Next question is from the line of Tushar Manudhane from Motilal Oswal.
Sir, just on the -- if I look at region-wise, ARPOB growth, like except North, most of the other regions have been muted or in fact, declining the ARPOB. So is this sort of peaking out in terms of ARPOB growth and so not just at Apollo, but maybe if you could help us understand at the industry level. And then subsequently, the growth would be more driven by the volume as is reflected in this quarter.
So two things, right? From our side, we would still like to believe that -- the inflation of 4% to 5% is something that we will continue to do. And hence, that will start reflecting clearly. The other thing is the function of occupancy as well as ALOS as I said.
So here, when we are getting -- when we are focusing on higher volume growth, et cetera, across and into using that to get secondary care cases as well as higher oncology, some of that reflects in a bit of a lower ARPOB because oncology has been seeing a stellar growth. We are the largest oncology operator in the country.
It will help us get margins, but ARPOB may not reflect the same because if you look at a chemotherapy, the chemotherapy ARPOB is lesser than the ARPOB of the -- of hospital -- of our surgical, et cetera. But what happens is the flow-through is visible for us. So ARPOB should not be looked at from the perspective of margin expansion. It's only -- again, I'm saying that it is something that you should understand this more as a lever.

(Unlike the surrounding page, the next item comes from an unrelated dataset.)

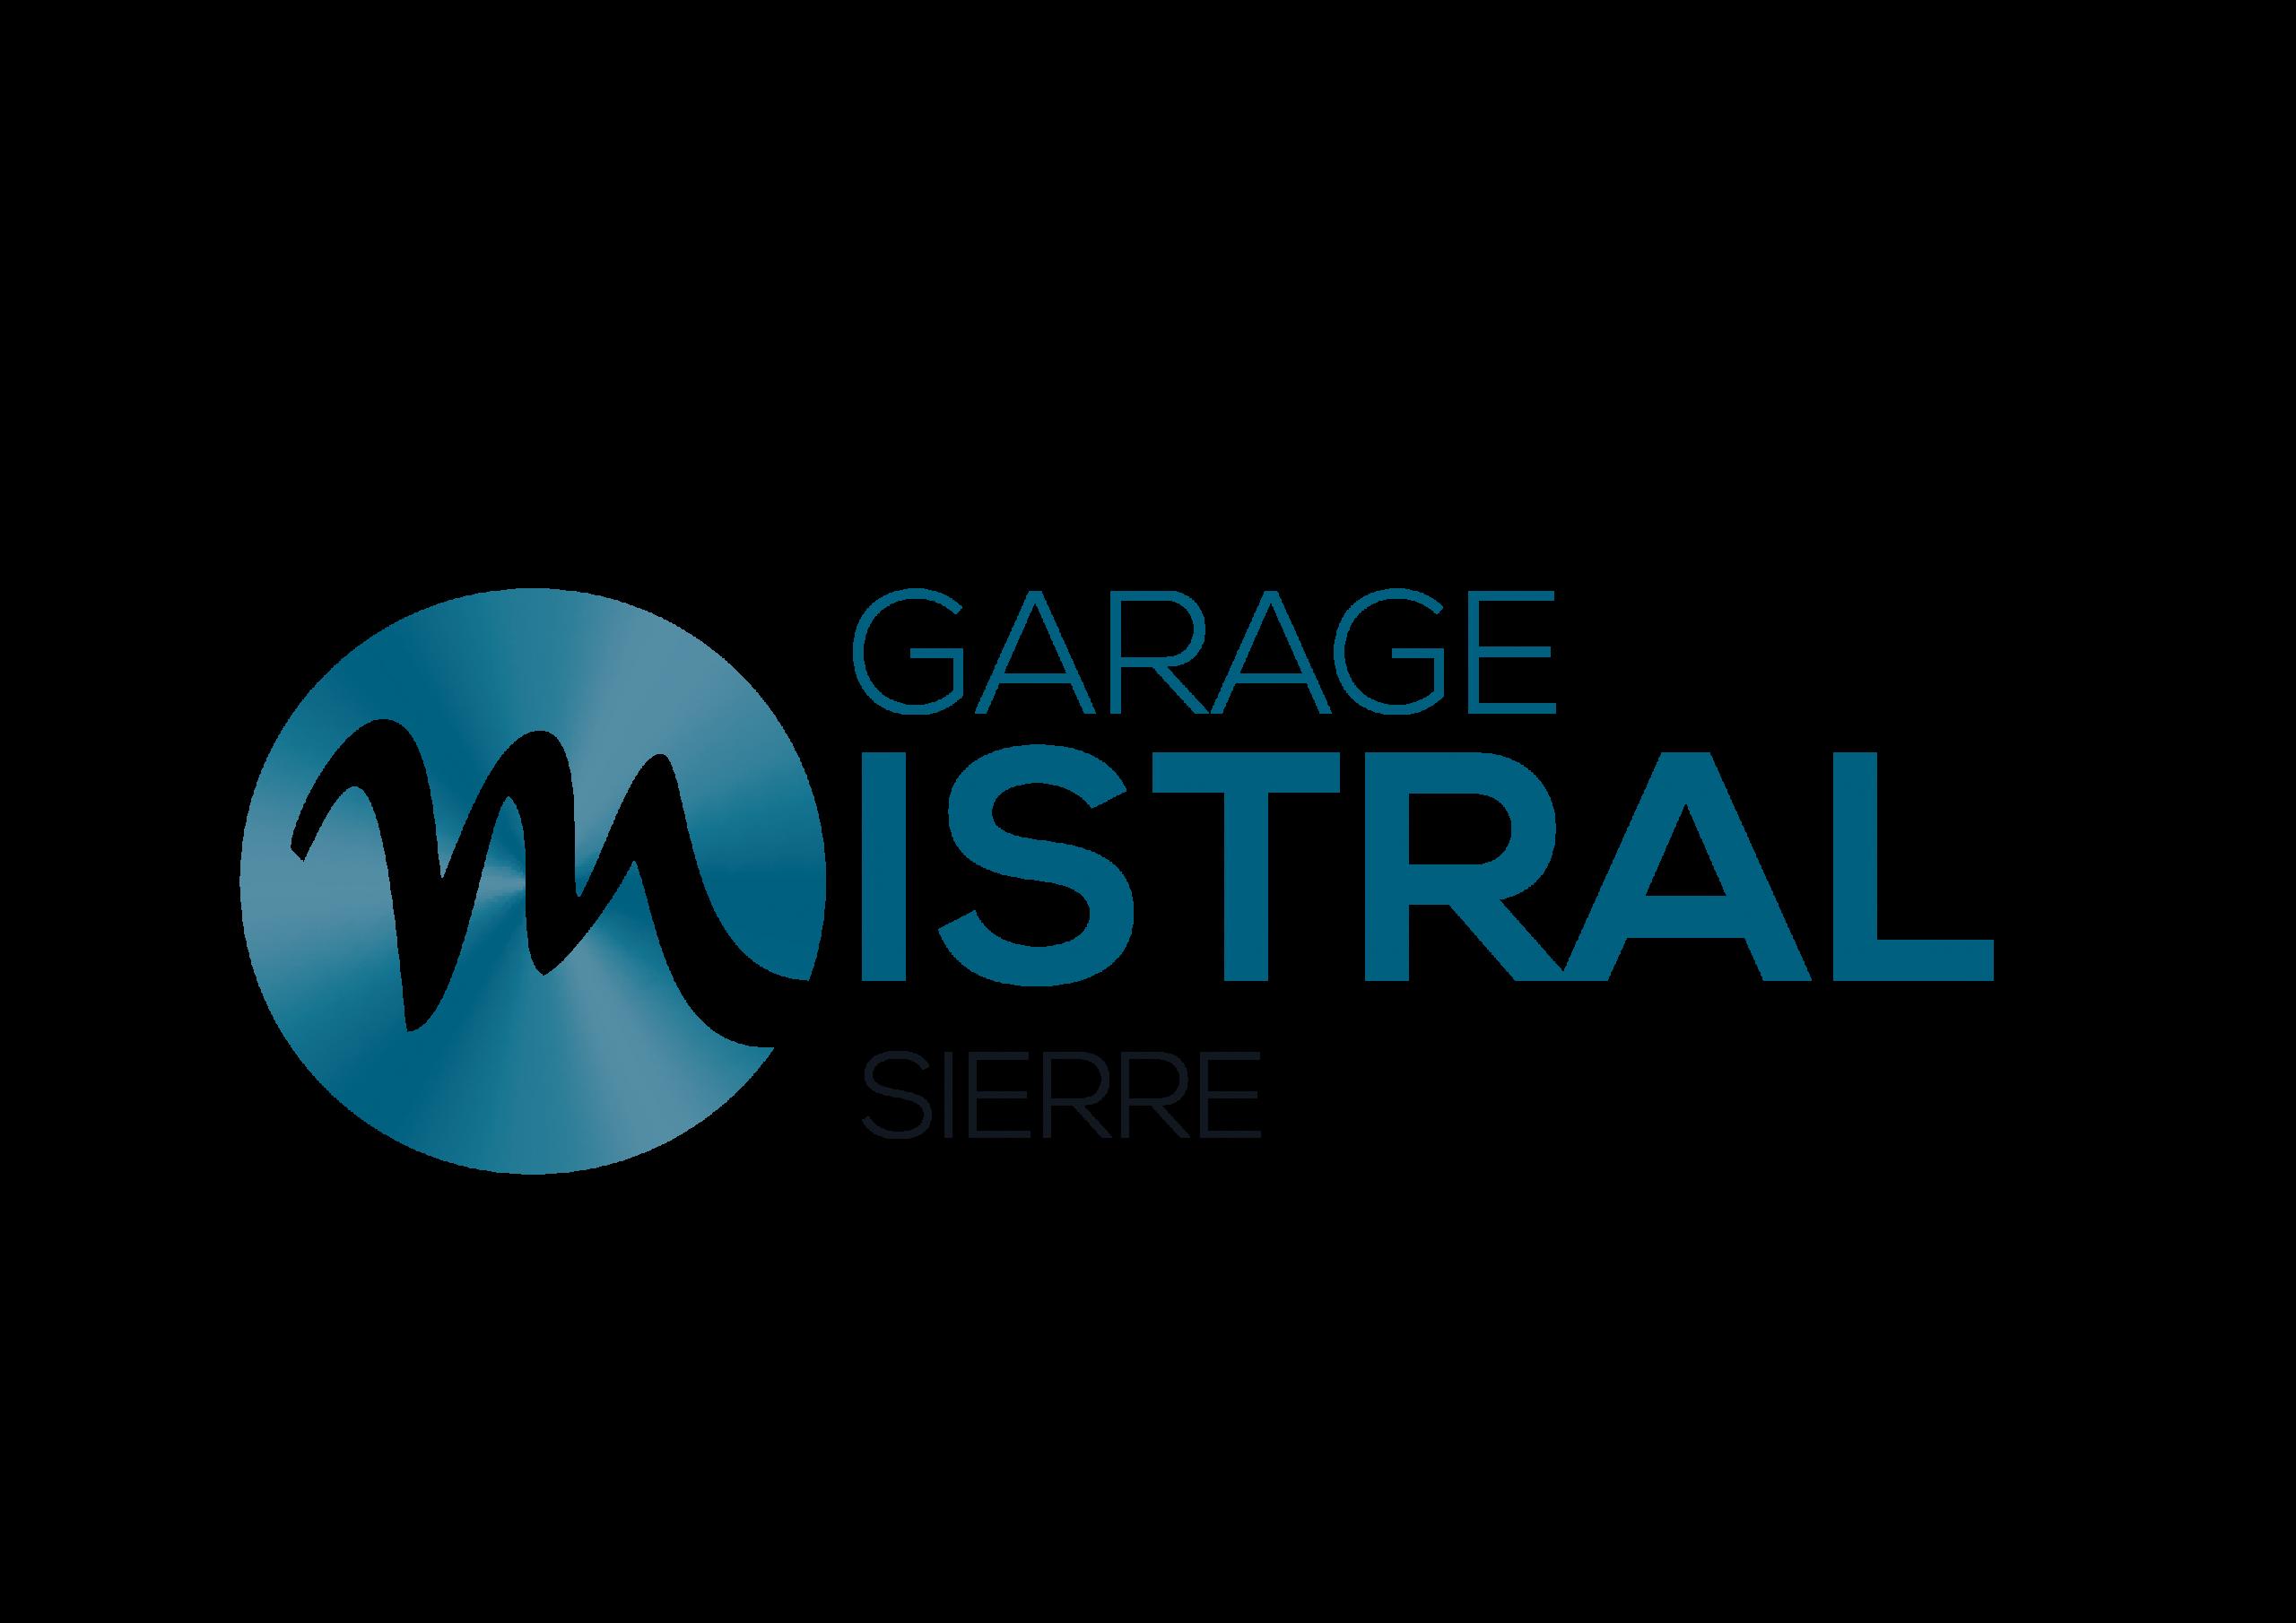 Logo Garage Mistral Sierre

But if you look at the volume growth and the value growth, so long as it's there and if you're seeing the volume growth, we have always guided that we should be looking at mid-teen kind of overall revenue growth. So as long as that's visible and we should see the margins expand.
And I think it's important to recognize that in metros, our ARPOB is very healthy, averaging around INR 70,000. So clearly, it's because we also have Tier 2 and Tier 3 that you see the average ARPOB which is around INR 53,000. So clearly, there is room for expansion, and we will continue to look at that. But please understand that this is an average of Tier 1 metros and Tier 2.
Understood. That's really helpful. And from a bed addition perspective, given the way the projects are going to pan out, it seems next 4 quarters, at least, we'll have improvement in occupancies on the existing beds and then subsequently, the additional bed would help drive growth. Is my understanding correct?
Yes. That's correct.
And next year, we are seeing good additions in some of our existing markets also like Calcutta and Gurugram also is -- in some way for us, it's an existing market, right, because we have Delhi, which is not getting consolidated, but we know Gurugram very well, and that will also come next year. So we are quite -- I think next year, I would see us get a good number of that addition.
So directionally, while we are improving the profitability at the existing sites, but these OpEx coming on in FY '26, so if you could just help understand how the profitability would look in Hospital business for FY '26.
We have a good big base of EBITDA now. So that is a very important thing that we should look at because if you look at by end of the year, we should have significantly large EBITDA base. And hopefully, by that time, we should have also seen the 100 bps expansion in margin that we have been guiding to -- have gotten into our books.
From there on, given that we are looking at relatively -- we don't think that the operate -- these losses will be significant. So we would think that 100 to 150 bps lower from that level is the maximum that we will see the EBITDA margin fall.
And on the off-line Pharmacy side, like we added 44 stores. So this year, probably what would be the run rate of store additions?
We're around 500 to 550 this year as well as planned. The Q1 is lower because of the elections and other delays. Overall, it will be 500, we will be on track for that.
Q2 has already started to ramp up well.
Understood. And any scope of improving the margins for off-line Pharmacies from like 7.6%?
This is at the back-end Apollo Pharmacy Distribution level, that margin -- that is a [ structured ] margin. As you know, Apollo HealthCo supplies only for Apollo Pharmacy's front-end business. So it has a fixed retail margin to be retained at this level. So that if you notice last 8 quarters operated within a range of 25 basis points as we see the margin expense in the front end.
Next question is from the line of Abhinav Ganeshan from SBI Pension Funds.
Just had 2 very brief questions. First one was your occupancy has gone up 600 basis points year-on-year. So can we have no similar kind of occupancy for the rest of the year?
Yes. Yes, we can. If not, then we'll [ improve ] it.
Okay. That is very helpful. Second thing is as a part of your opening remarks, you had talked about expanding in few locations like Pune and Gurugram. Which are the other locations that you have spoken about?
So the first one is going to be Gurgaon, then comes Hyderabad. But then will be Kolkata and Pune. These are the 4 that we're focusing on. We also have brownfield expansion in Mysore, which is 140 beds.
[Operator Instructions] Next question is from the line of Damayanti Kerai from HSBC.
Just want to understand like what was the contribution from international patients during the quarter? And what kind of impact you're expecting due to change in Bangladesh, which I suppose is one of the largest market for you in terms of international business contribution?
Yes. So Bangladesh is about 30% in terms of our international. But as a percentage of our total revenue is about 2%. We've seen some throughout the first quarter and into this quarter as a combination of elections and the more recent political issues, some drop in volume. We are hopeful that this will come back very quickly. We are just monitoring the situation very closely.
Okay. So very broadly, this 8% to 10% kind of contribution from international patient is very much there for you.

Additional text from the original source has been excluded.